Trump issues emergency declaration for state
U.S. President Donald Trump issued an emergency declaration for California on Saturday, allowing counties affected by wildfires to receive federal assistance. In a statement, the White House said the declaration will open up the availability of necessary equipment and resources from the Federal Emergency Management Agency FEMA).
Meanwhile, about 200 kilometres southwest of Redding, two blazes prompted mandatory evacuations in Mendocino County. The two fires, burning 50 kilometres apart, started Friday and are threatening more than 350 buildings. The Mendocino County Sheriff's Office ordered evacuations for people living in an area of Ukiah north of Highway 175. Residents in neighbouring Benmore Valley were also told to leave Saturday.
Cal Fire officials said more than 10,000 firefighters were on the line, making progress on 14 large wildfires across California.
Big fires also continued to burn outside Yosemite National Park and in the San Jacinto Mountains east of Los Angeles near Palm Springs. As of Saturday afternoon, those fires had burned more nearly 260 square kilometres. Yosemite Valley remained closed to visitors and won't reopen until Friday.
Authorities said they have made an arrest related to looting in the Redding area.
Bosenko told anxious residents at a community meeting Saturday that authorities had collared a parolee and he was going to jail.
Residents cheered and did so again later when Redding Police Chief Roger Moore said his officers had leads on other suspects.
About 100 law enforcement officers and 260 National Guard soldiers were helping with evacuations and providing security in empty neighbourhoods.

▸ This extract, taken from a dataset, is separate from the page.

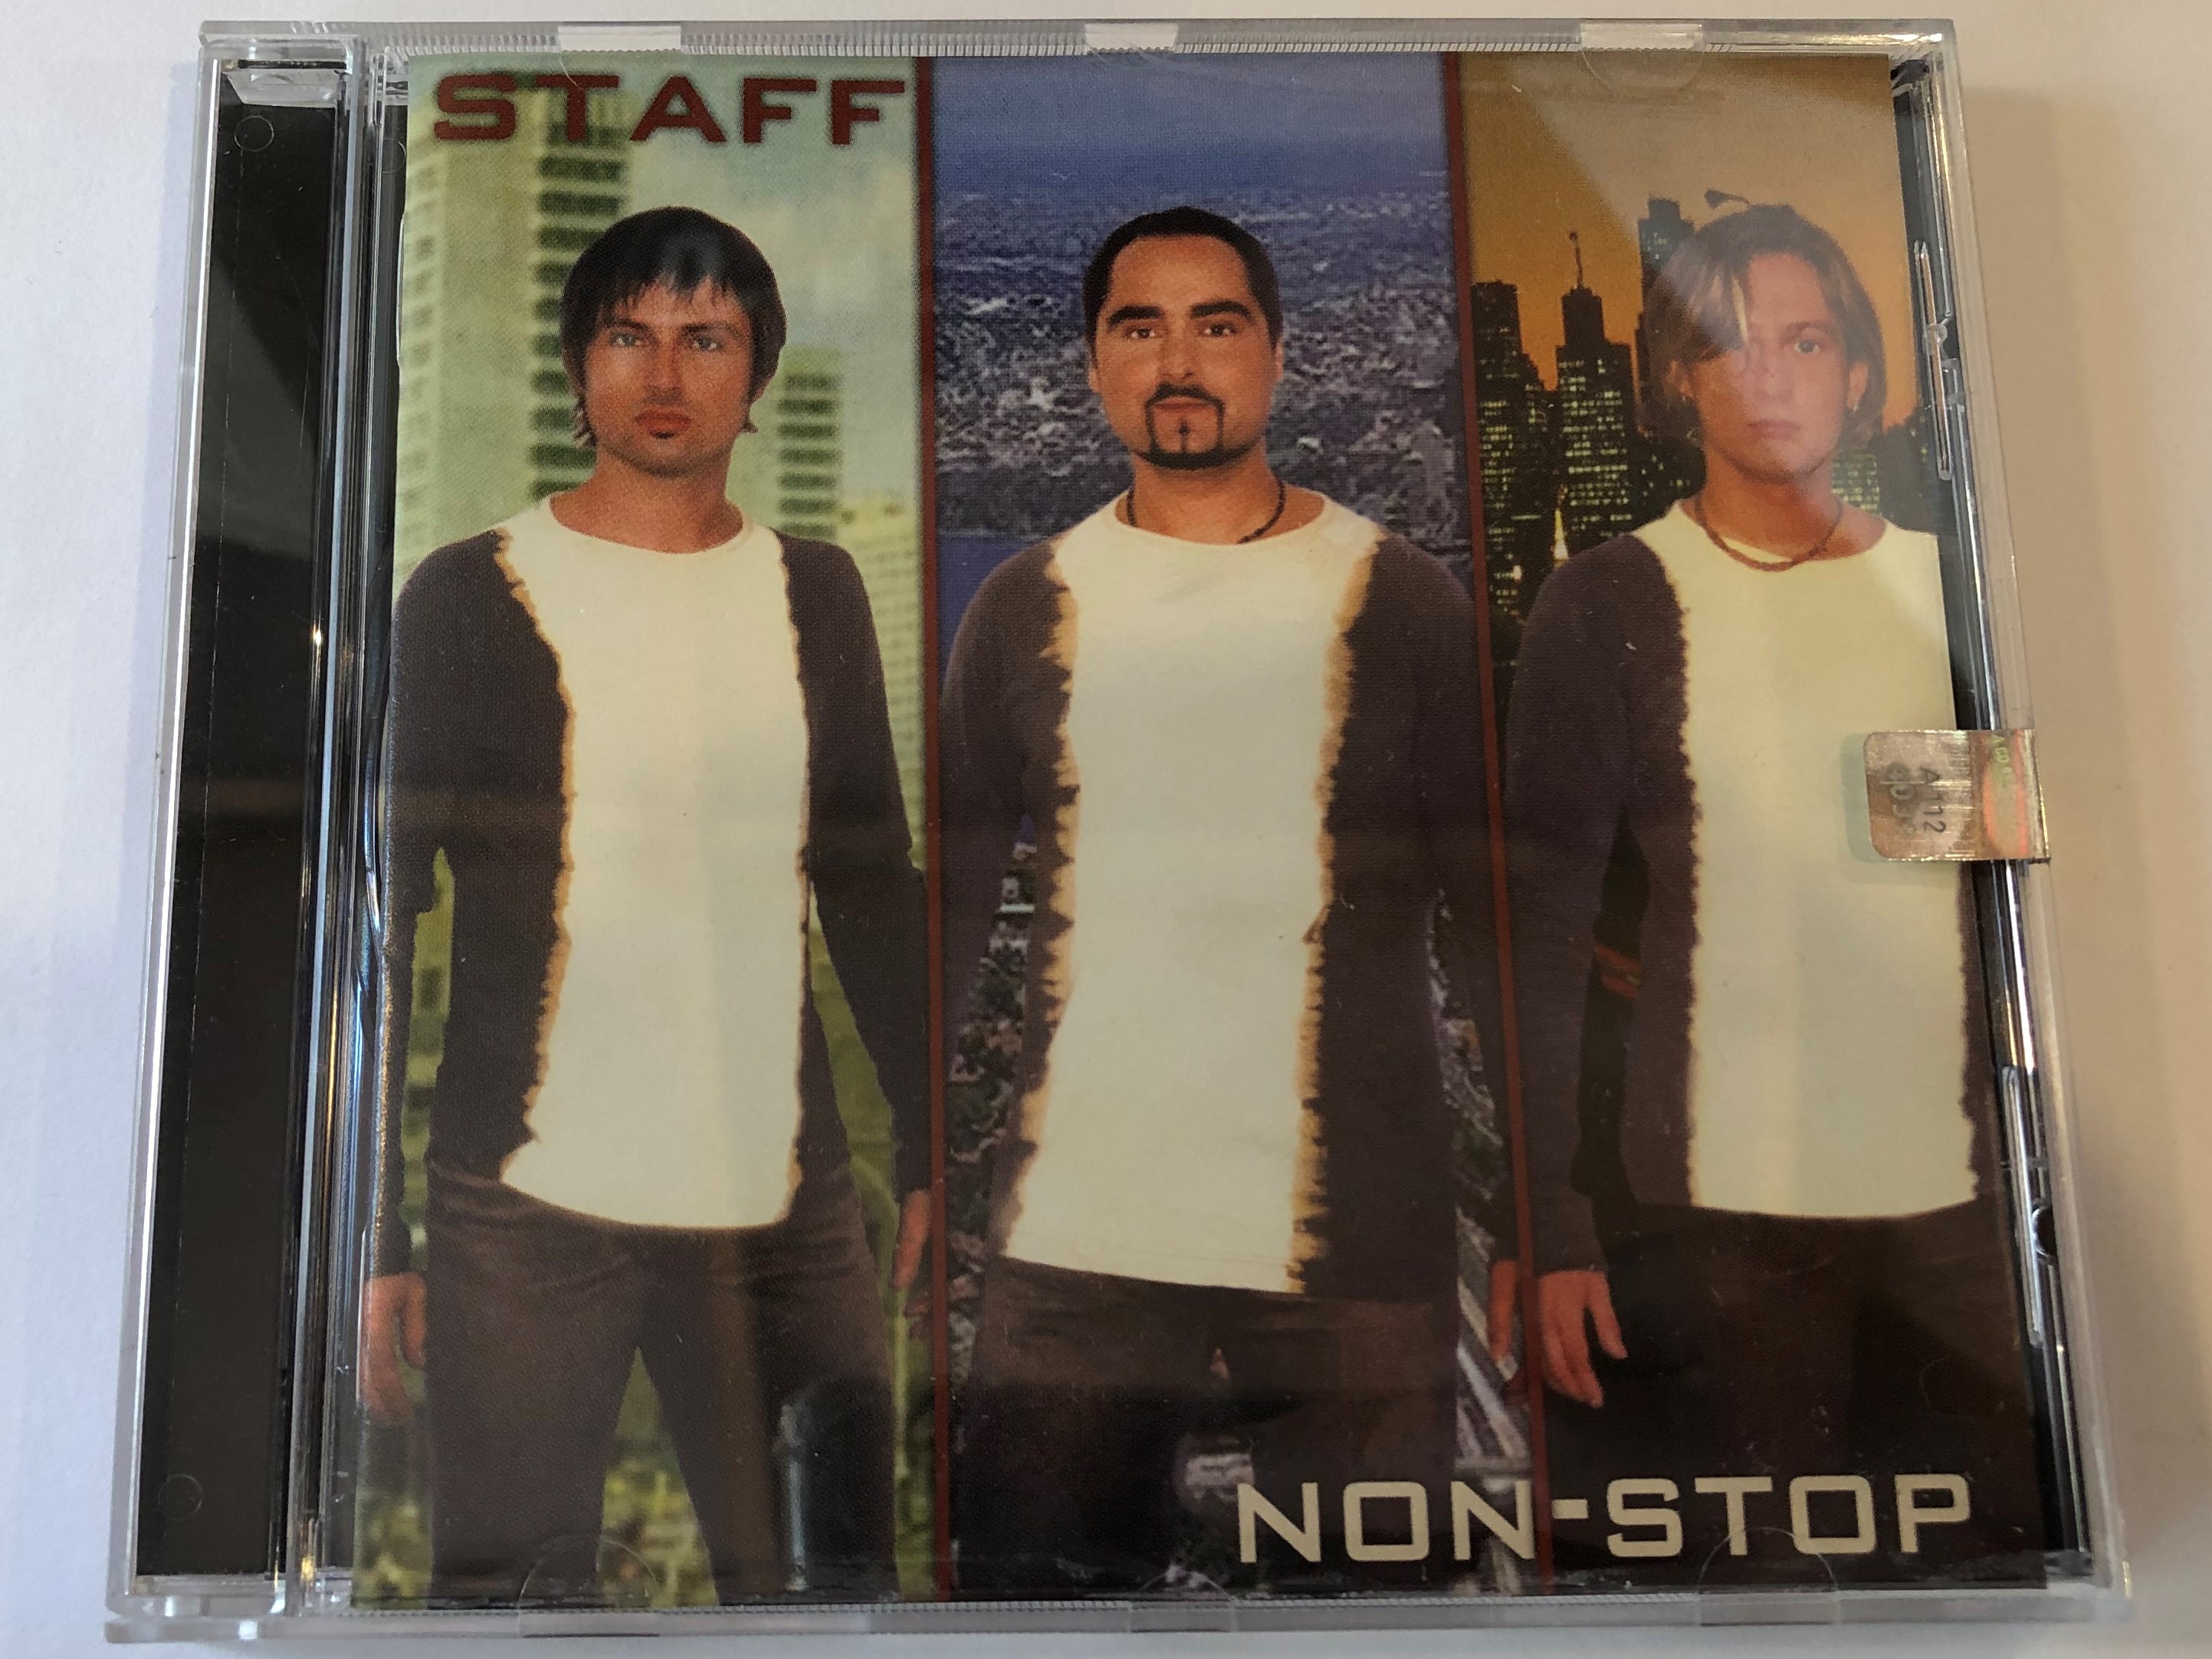 staff-non-stop-hungaroton-audio-cd-2001-hcd-71078-1-.jpg

Moore was among the many who lost homes.
Greg and Terri Hill evacuated their Redding home of 18 years Thursday night with little more than medications, photo albums, clothes and firearms, assuming they'd be back home in a few days.
They returned Friday to find little more than ash.
"It's pretty emotional," Terri Hill said. "But we'll make new memories and get new stuff. Everybody's safe."
The Carr Fire wiped out forest around much of Whiskeytown Lake, burning dozens of boats docked at a marina and then swept through the historic Gold Rush-era town of Shasta and destroyed nearly all of Keswick, a hamlet just west of Redding.
The fire blew across the Sacramento River and burned a path to the property where Melody Bledsoe was living with her great-grandchildren.
Bledsoe's husband, Ed, who had the couple's only car, had gone to buy supplies before any evacuation order was issued, family members said.
His great-grandson phoned him at the store to say the flames were approaching and "we need your help," according to Jason Decker, who is dating one of Bledsoe's granddaughters.
Bledsoe rushed home, but was turned back by police because the fire was raging. He spent Friday searching in vain for the three at shelters while Decker's girlfriend posted desperate messages on social media for any help locating them.
Decker took his motorcycle up to view the property and found smouldering ruins too hot to enter.
"It looked like a war zone," he said. "I couldn't smell death in the air, which is good."
While he discussed the worst-case scenario of the three staying put as the flames closed in, Decker held out some hope Saturday morning until he got the word they were dreading.
"We got horrible news. I have to go," he said and hung up.